Francesca Bertini - La Regina del Cinematografo, a cura di Maria Teresa Antolin, Archivio In Penombra 2026

(Correva l’anno 2016, breve colloquio con me stessa)

— Cosa dici che vuoi fare? Un libro su Francesca Bertini?

— Esatto.

— Ti rendi conto che Francesca Bertini è una perfetta sconosciuta per la stragrande maggioranza delle nuove generazioni di “cinefiles”?

— Mi rendo perfettamente conto, ecco il motivo per pubblicare questo libro.

— E come pensi di attirare l’attenzione sulla vita e miracoli di una ormai pallida e semi-dimenticata stella del cinema?

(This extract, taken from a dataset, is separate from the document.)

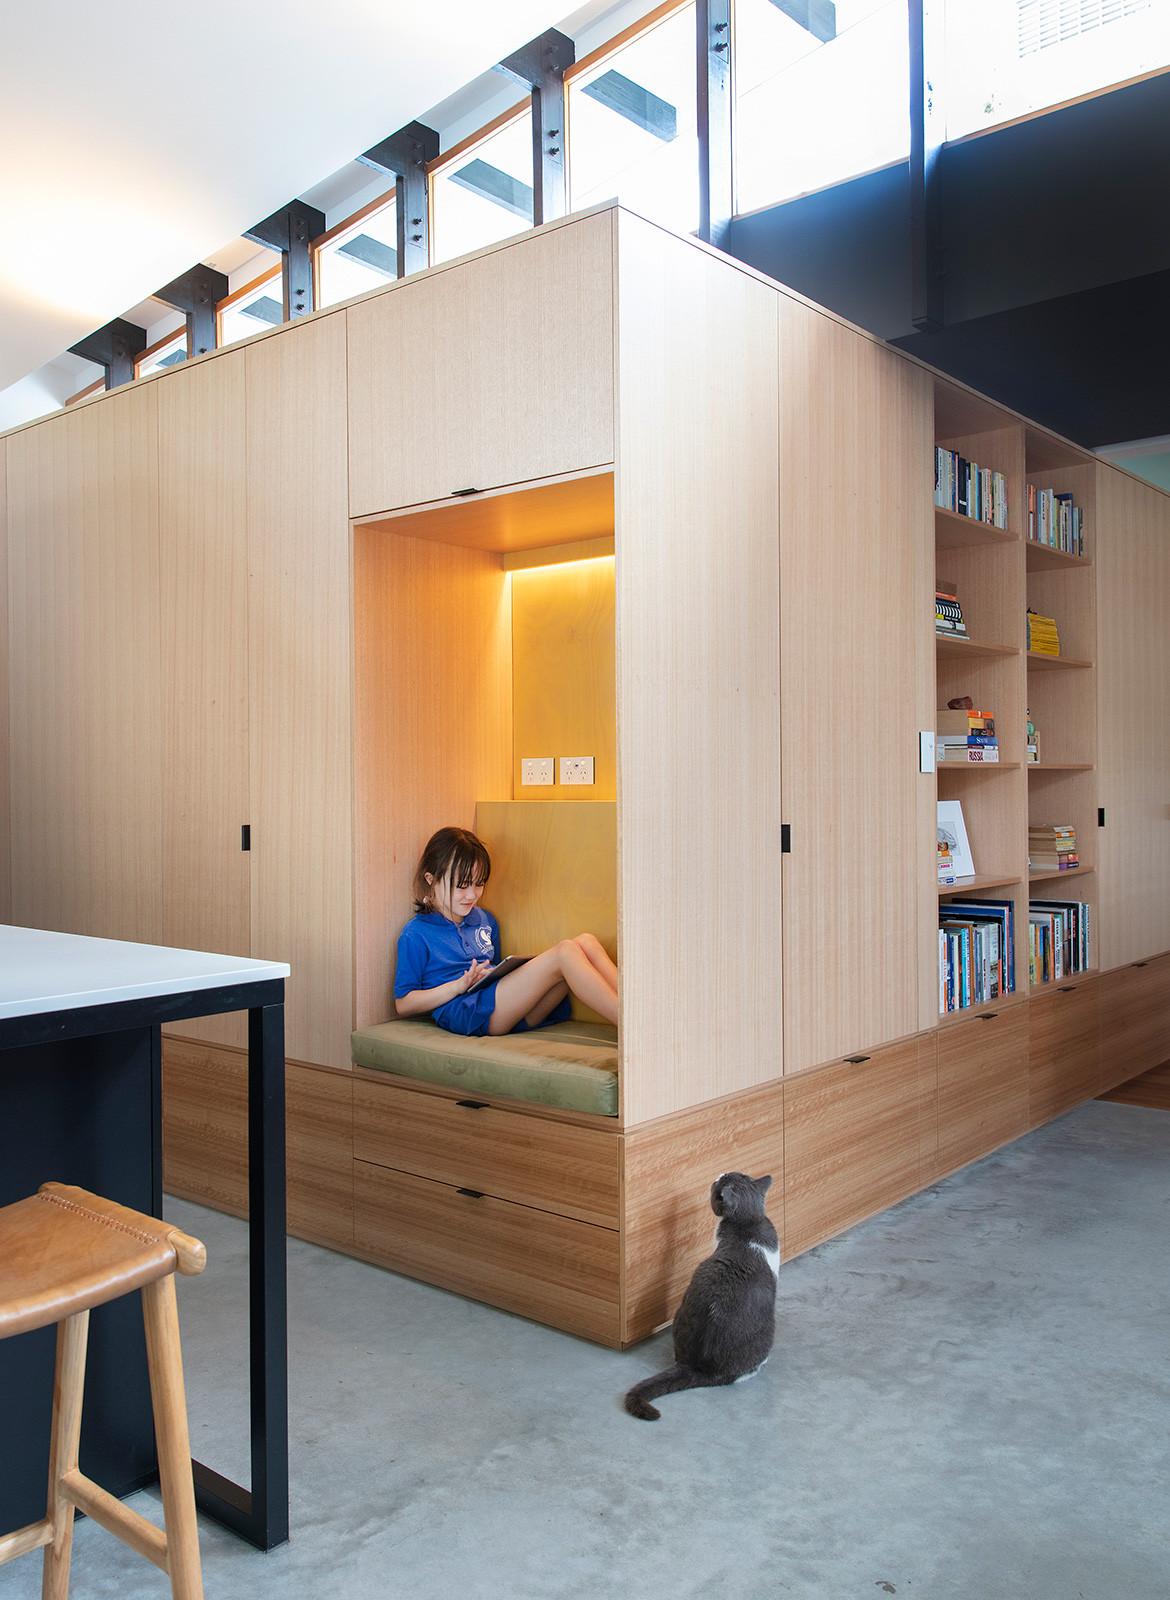 Forrest Street Philip Stejskal Architecture CC Bo Wong reading corner
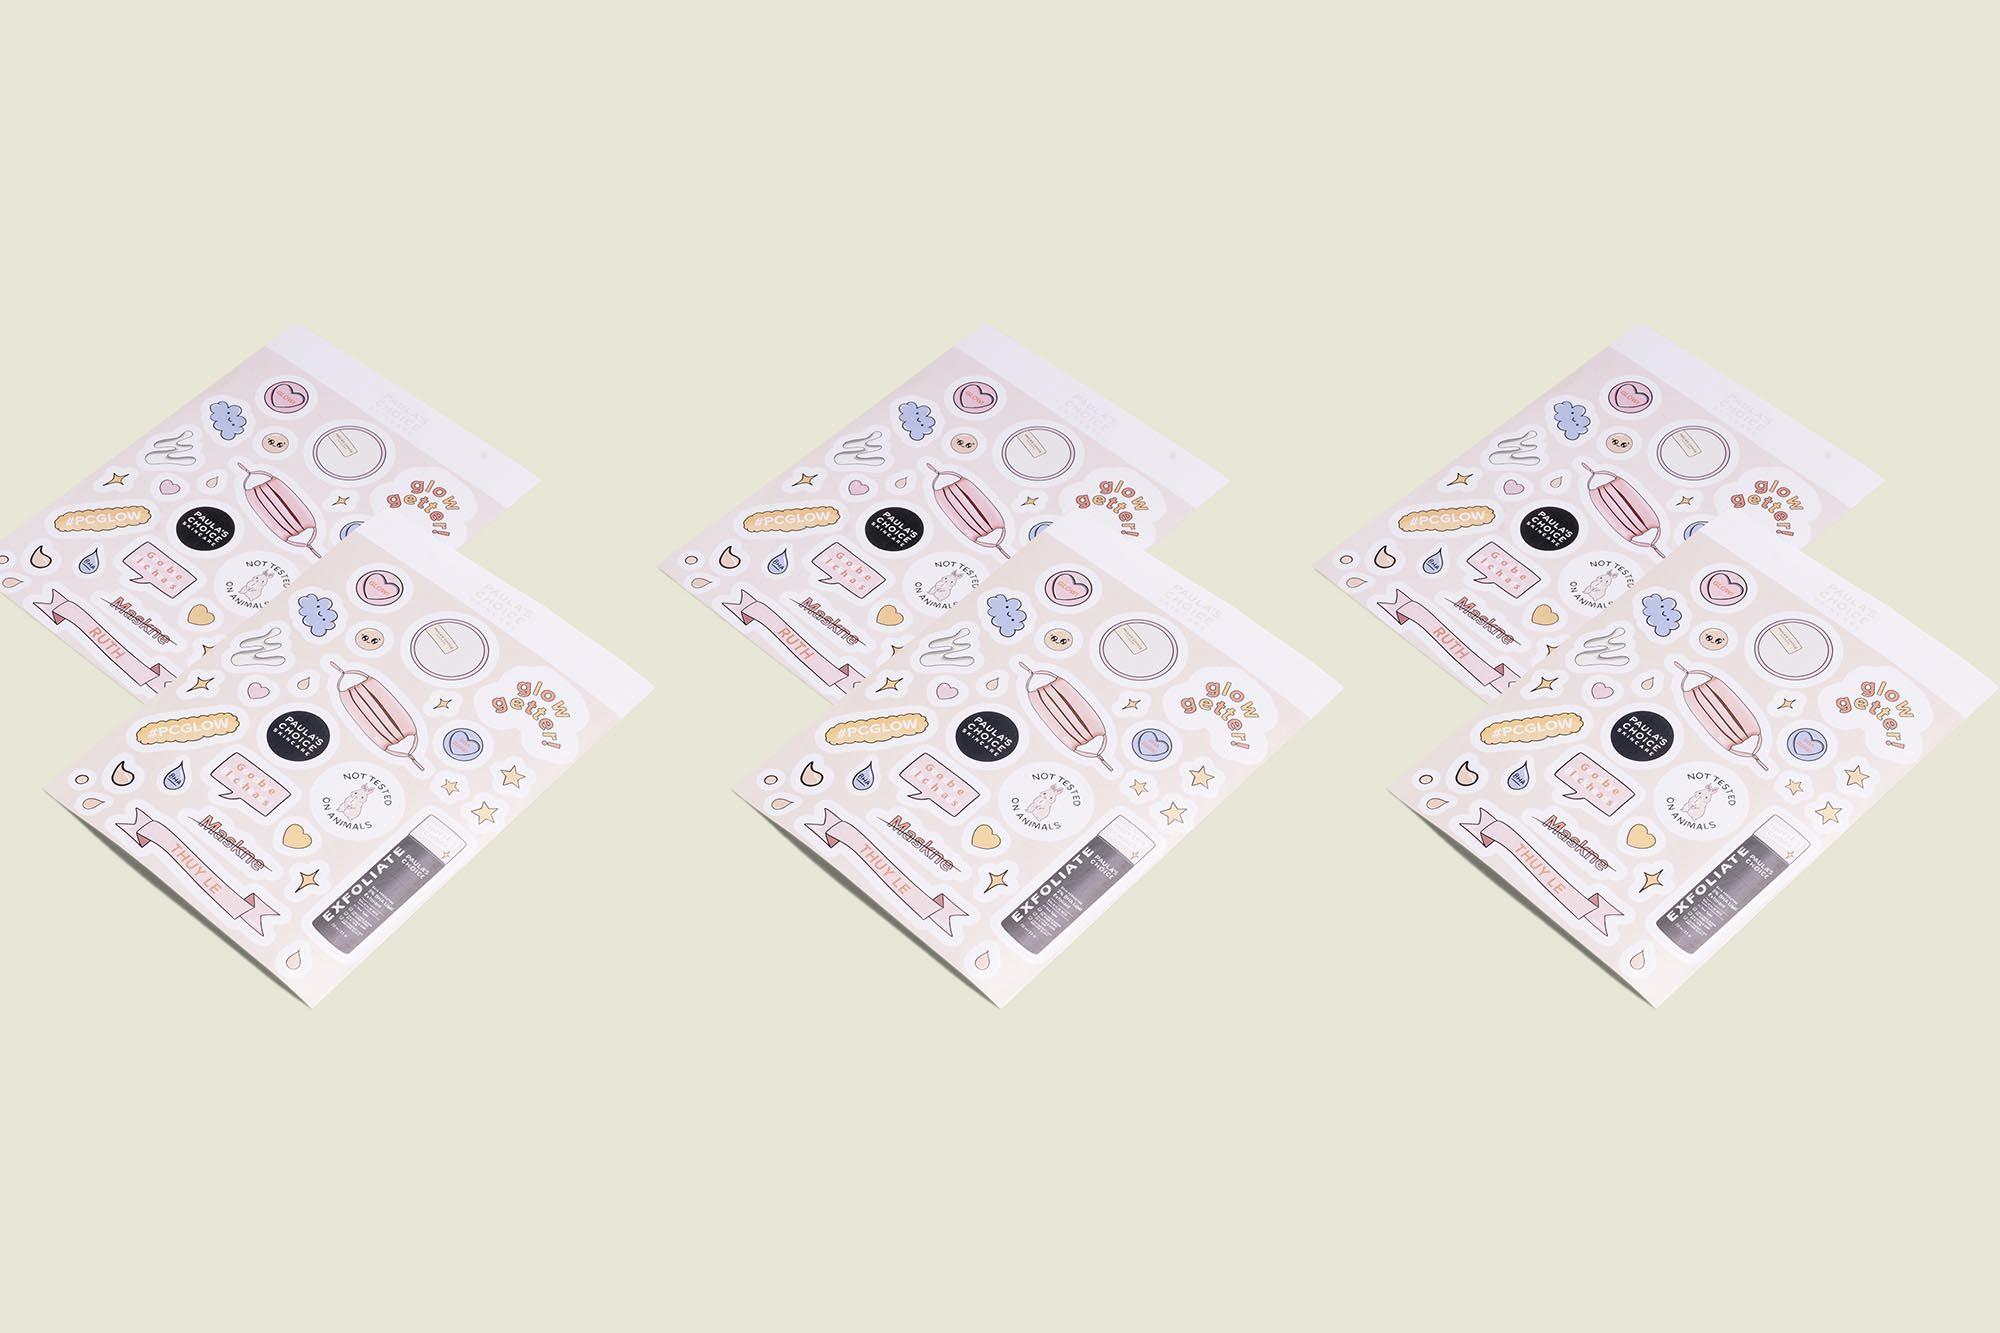 Set of sticker packets

— Innanzitutto voglio che sia la storia a raccontare vita e miracoli di Francesca Bertini…

— Cioè?

— Visto che tutti i protagonisti sono scomparsi, gli unici testimoni possibili e credibili sono i documenti d’epoca. Credibili fino ad un certo punto, naturalmente…

— Su di lei sono stati pubblicati alcuni libri, direi molti, se facciamo un confronto con altri personaggi legati alla storia del cinema muto italiano.

— Segno più che evidente della persistenza di un mito.

— Insisto: un mito dimenticato.

— Forse. La colpa non è sua. Mentre era in vita Francesca Bertini ha sempre saputo come attirare l’attenzione del pubblico, persino quando i suoi film erano scomparsi dalle sale di cinema. Adesso invece disponiamo di una discreta quantità di titoli ritrovati e restaurati, purtroppo l’acceso a questo patrimonio non è facile.

— Quindi…

— Ho pensato che sollevare l’interesse aiuterebbe a rompere l’incantesimo e renderebbe  disponibili i film per le “attuali” generazioni. Per riuscire a vedere certi film restaurati bisogna fare i salti mortali e disporre di abbondanti capitali. Non sapevo a cosa andavo incontro quando anni fa decisi d’intraprendere questo progetto, potrei scrivere un secondo libro raccontando certe avventure…

— Ritornando alla Bertini. Ho sempre letto che lei ci teneva a mantenere il mistero intorno alla sua vita privata…

— Questa non è una caratteristica di Francesca Bertini, ma di tutti i suoi contemporanei. Il gossip intorno alle stelle del cinema è una invenzione relativamente recente. Comunque, la vita privata di attori e registi nei primi decenni del ‘900 non era facile, e mancava sicuramente di glamour: orari impossibili, nessuna sicurezza sul lavoro, viaggi in terza classe…

— Francesca Bertini aveva moltissimi fan in tutto il mondo! Riceveva centinaia di lettere al giorno! Proposte di matrimonio, regali, gioielli…

— Questo è vero, ma nella vita privata, credimi, era molto casalinga e noiosa.

— Una casalinga chiamata Francesca Bertini!

— Non esageriamo.

— Una delle frasi che ricordo è: “Posso vivere a pane e formaggio, ma al Grand Hotel”.

— Cosa volevi che dicesse? “Oggi non ho una lira in tasca, mi presti qualcosa per mangiare un panino”?

— Sarebbe stata una dichiarazione clamorosa!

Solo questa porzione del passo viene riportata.